Borough in Pennsylvania, US

Deemston is a borough in Washington County, Pennsylvania, United States and part of the Pittsburgh metropolitan area since 1950. The population was 751 at the 2020 census.

==History==
Kinder's Mill was listed on the National Register of Historic Places in 1986.

==Geography==
Deemston is located at (40.018777, -80.043805).

According to the United States Census Bureau, the borough has a total area of 9.6 sqmi, all land.

==Surrounding neighborhoods==
Deemston has five borders, including Beallsville to the north, Centerville to the east, East Bethlehem Township to the south and southeast, Morgan Township in Greene County to the southwest and West Bethlehem Township to the west.

==Demographics==

As of the census of 2000, there were 809 people, 313 households, and 239 families residing in the borough. The population density was 84.2 /mi2. There were 325 housing units at an average density of 33.8 /mi2. The racial makeup of the borough was 99.26% White, 0.37% African American, 0.12% from other races, and 0.25% from two or more races.
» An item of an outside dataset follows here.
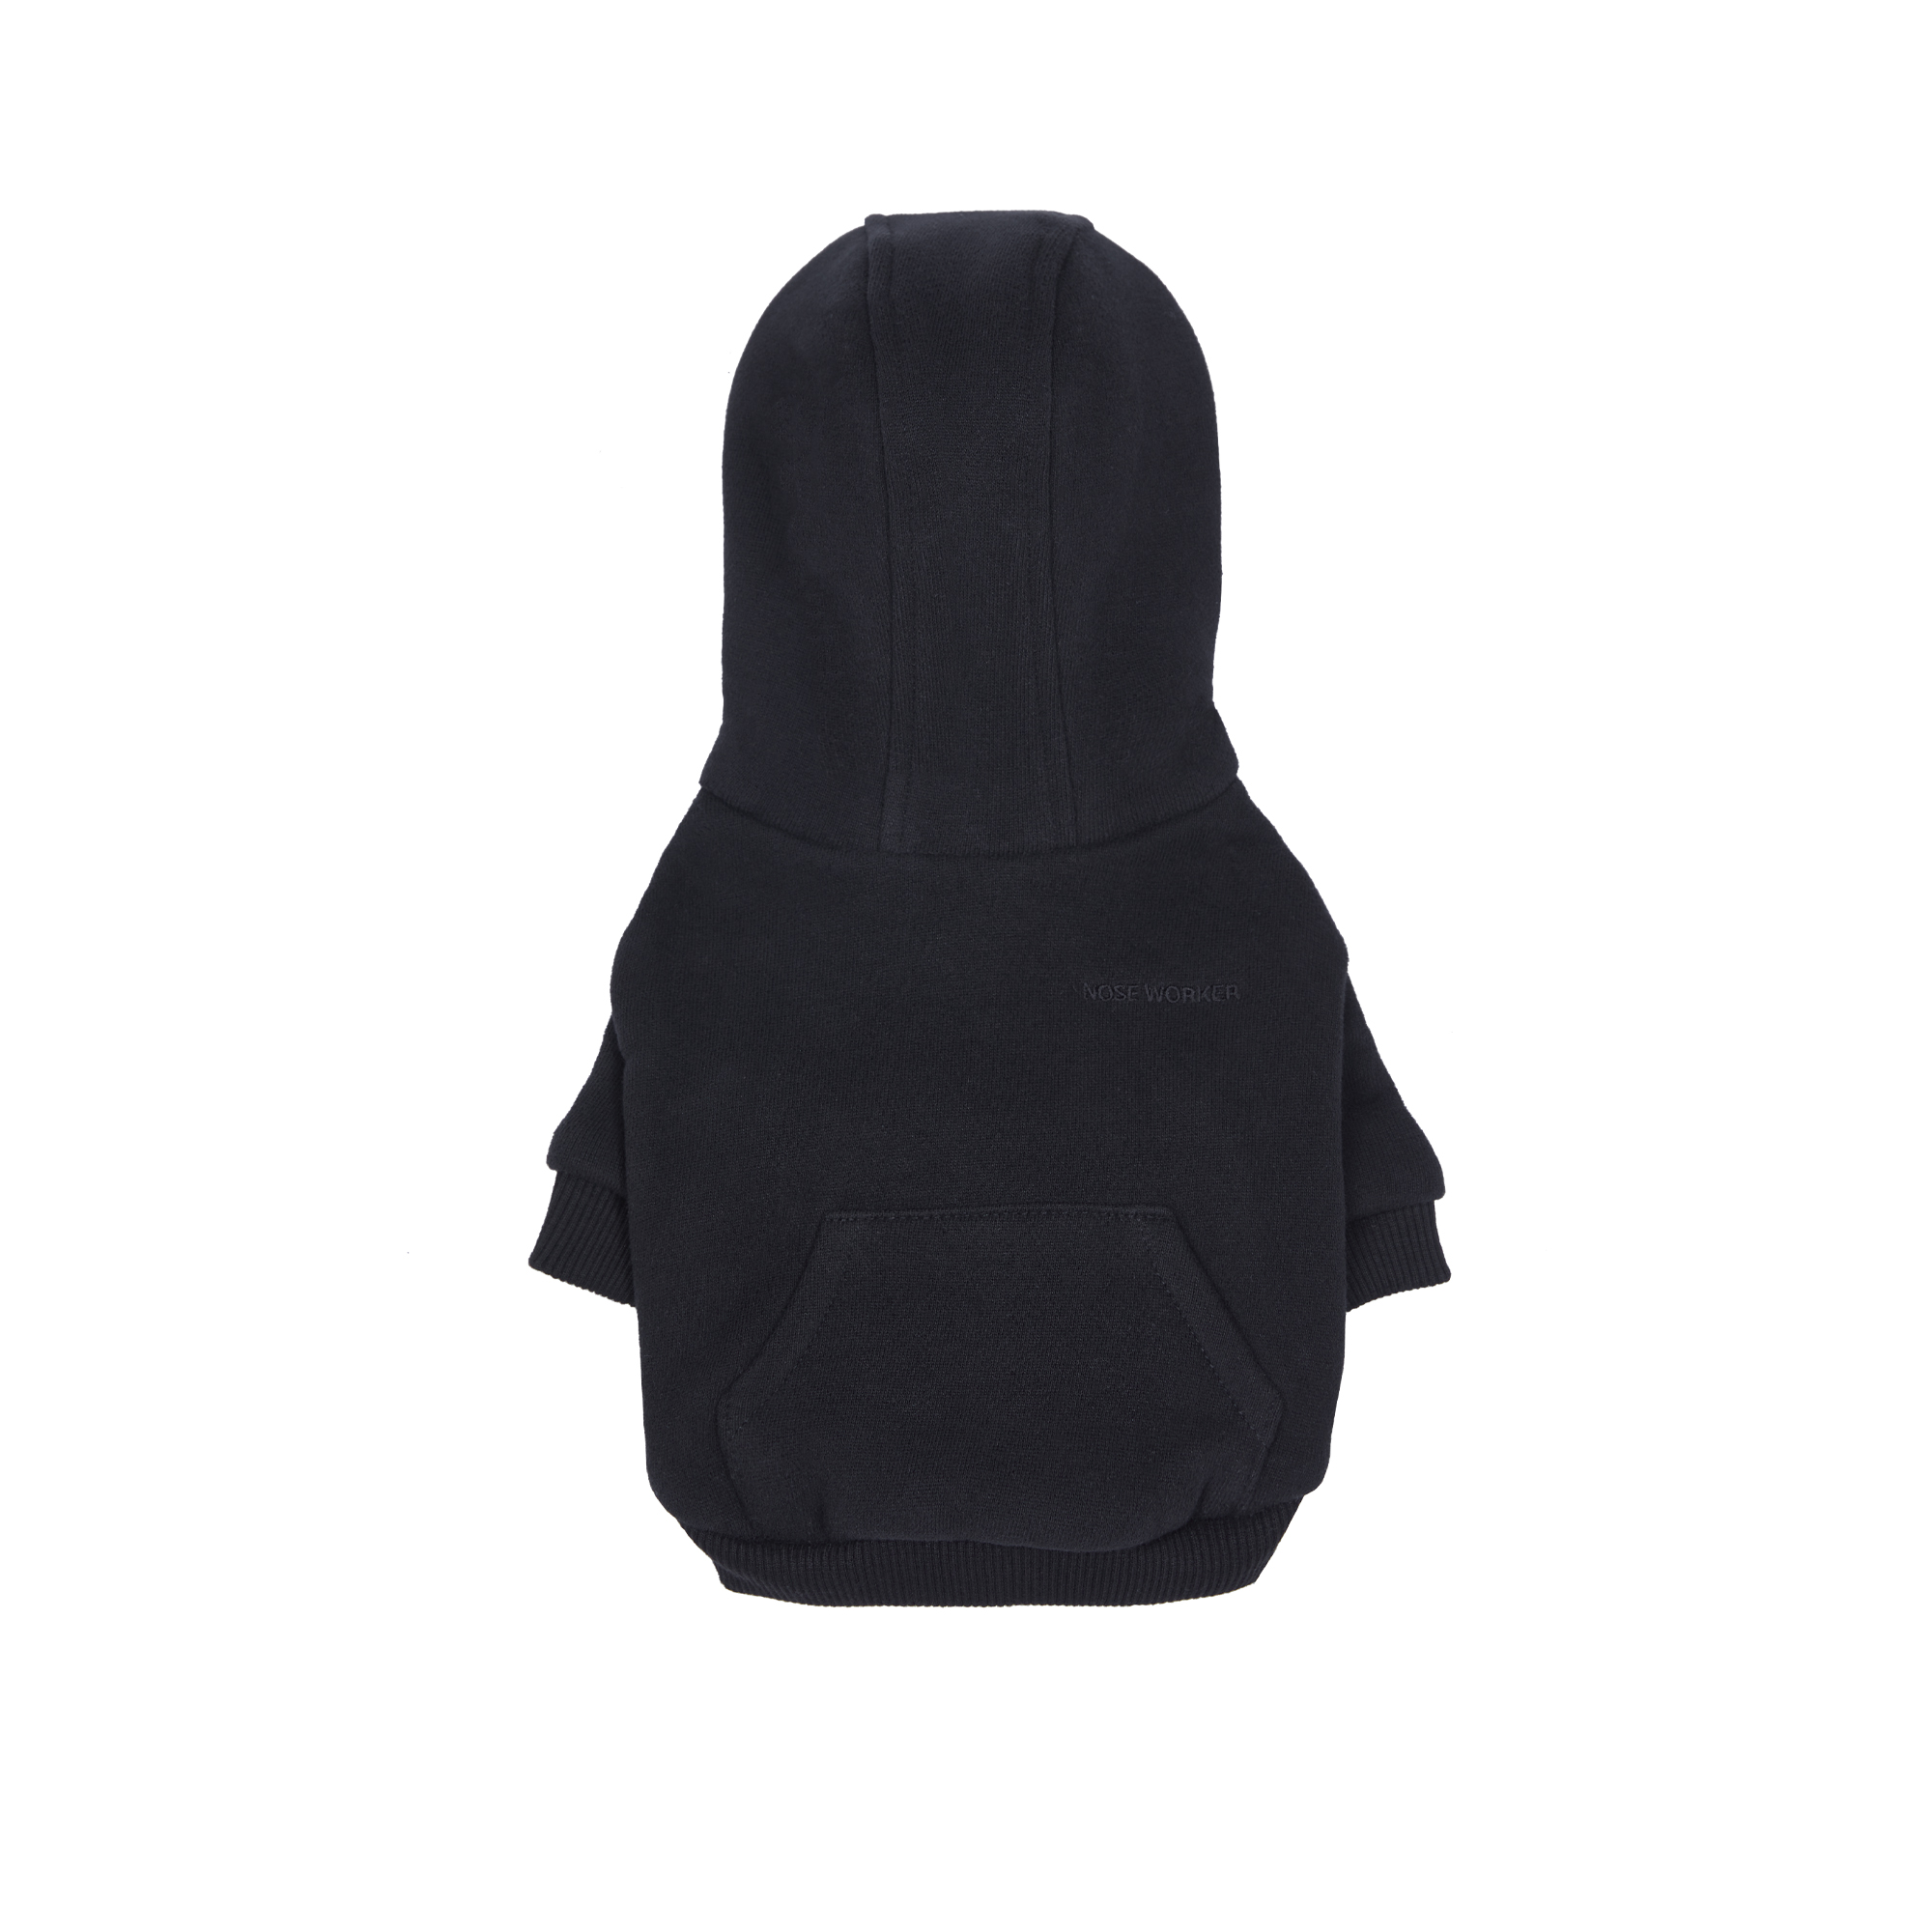 Sallysoom hoodie (Black)
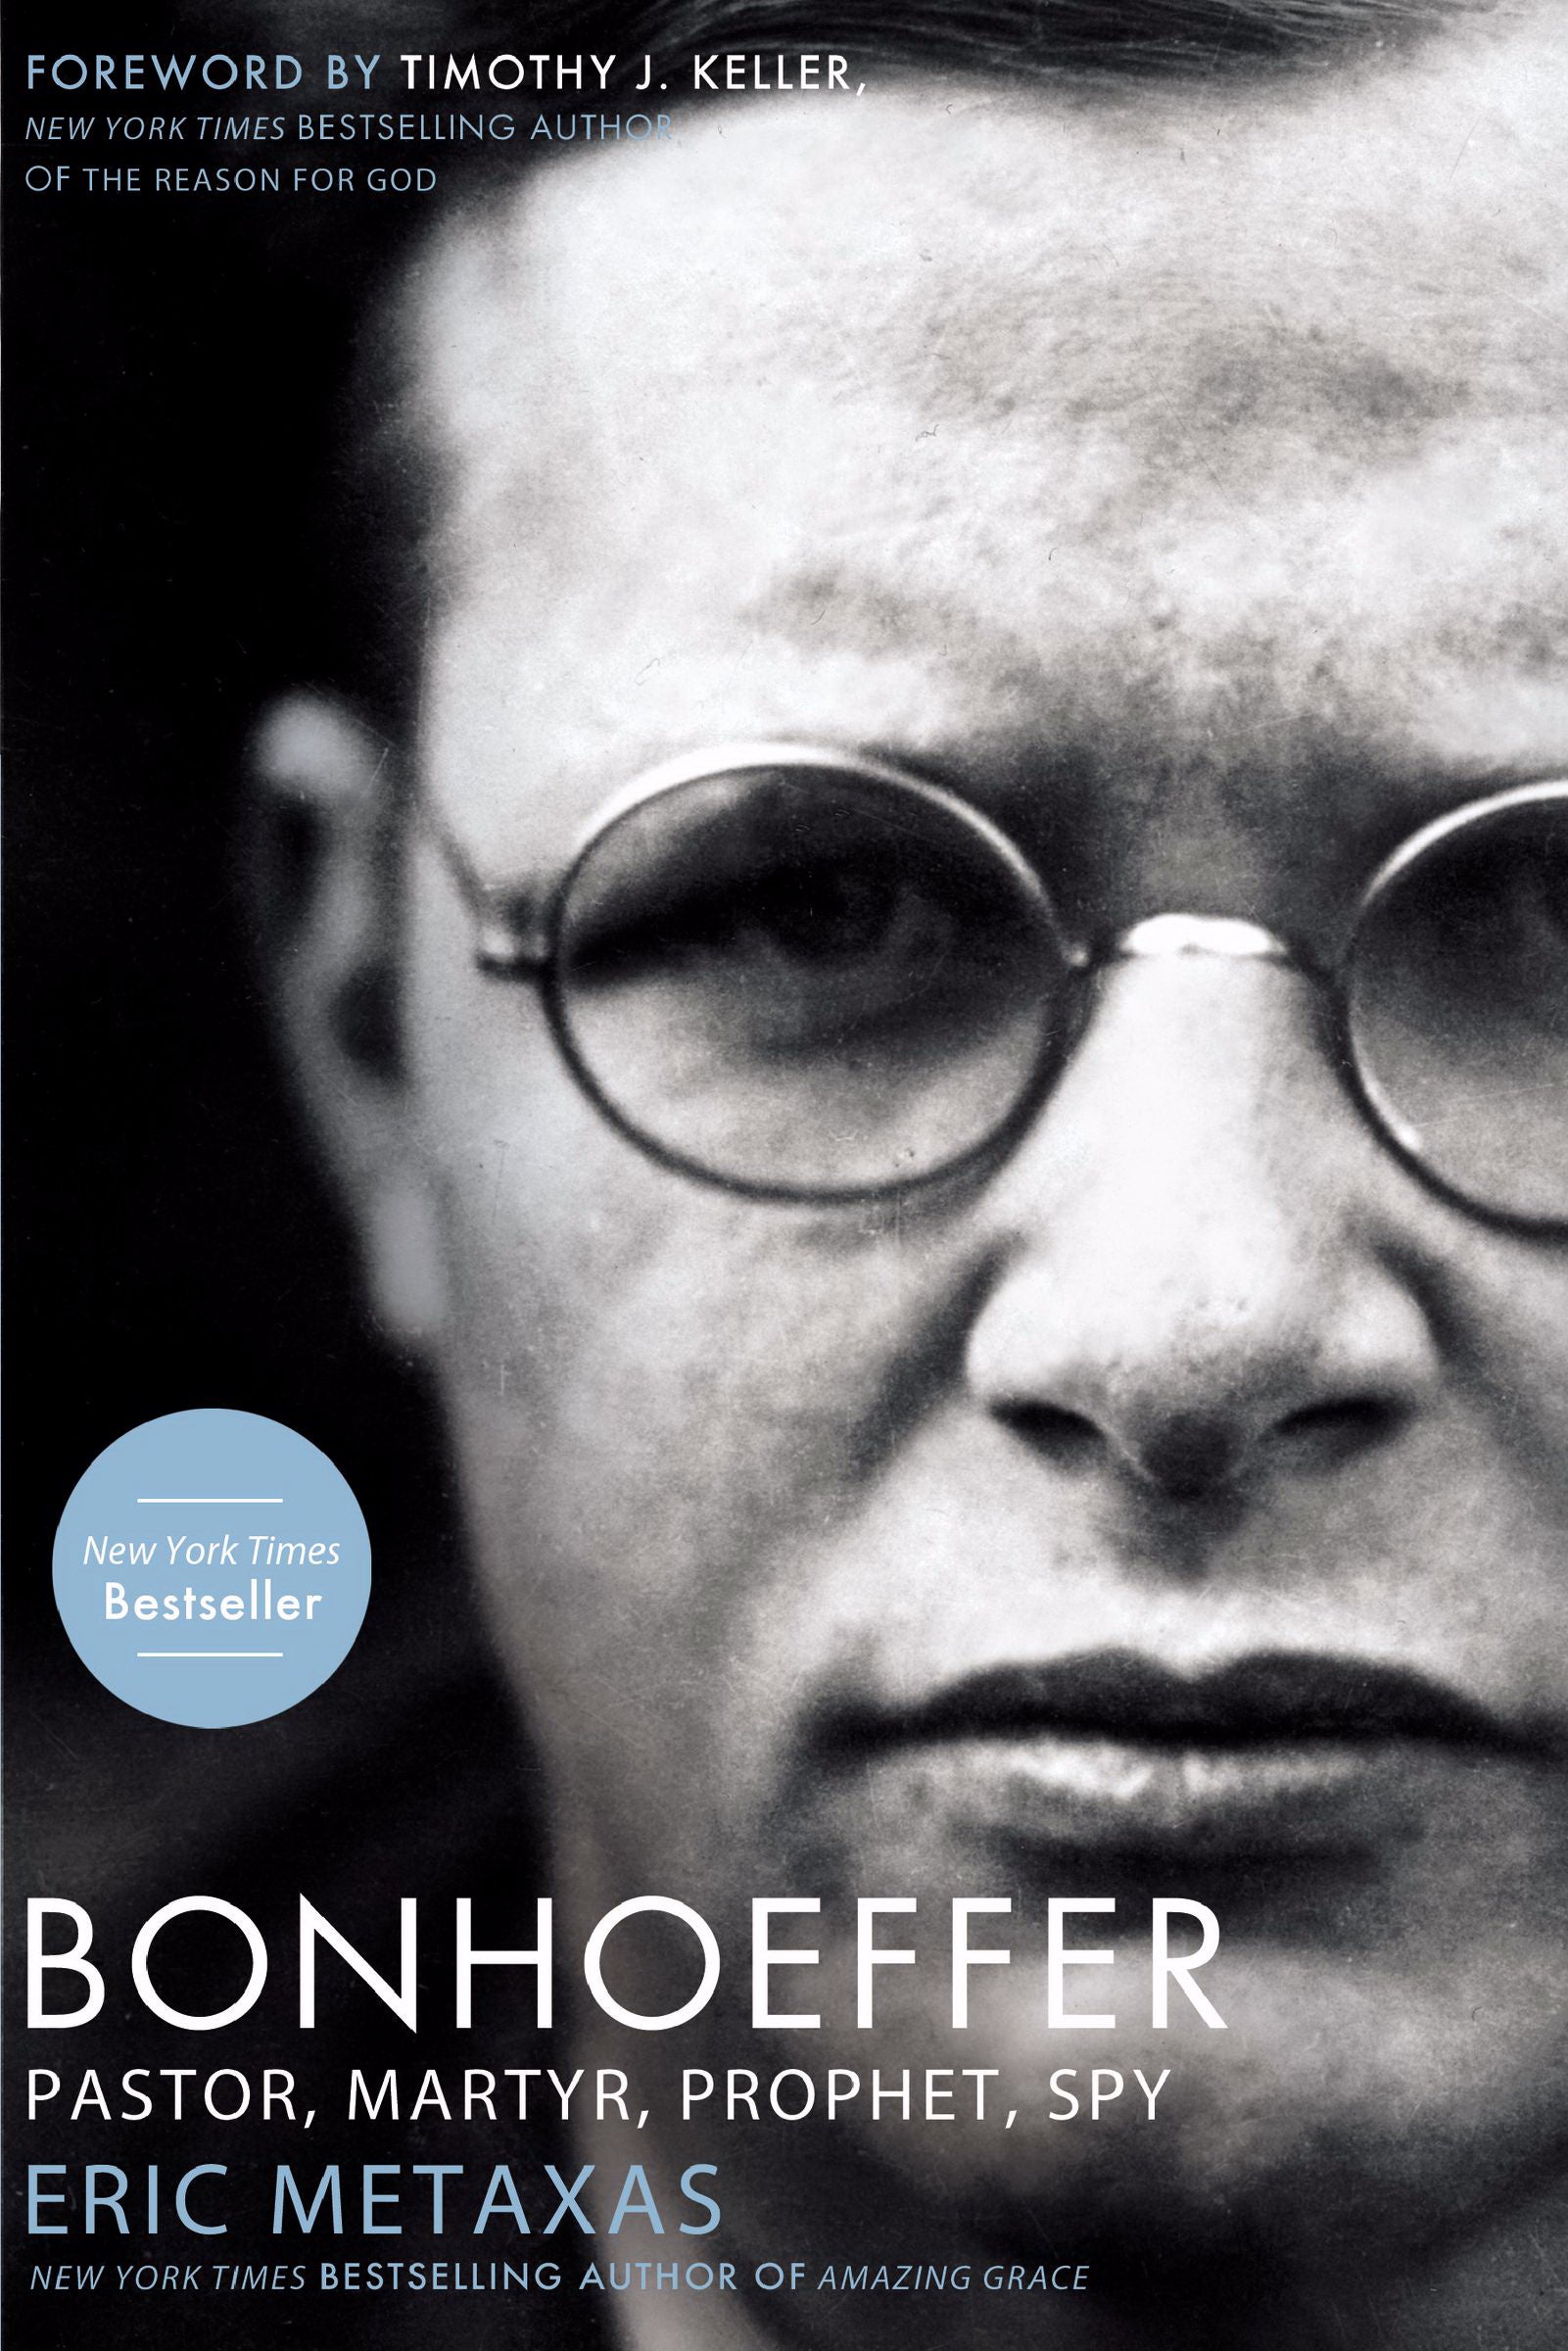 Image of Bonhoeffer other

Hispanic or Latino of any race were 0.37% of the population.

There were 313 households, out of which 31.0% had children under the age of 18 living with them, 65.8% were married couples living together, 5.8% had a female householder with no husband present, and 23.6% were non-families. 20.1% of all households were made up of individuals, and 10.9% had someone living alone who was 65 years of age or older. The average household size was 2.56 and the average family size was 2.94.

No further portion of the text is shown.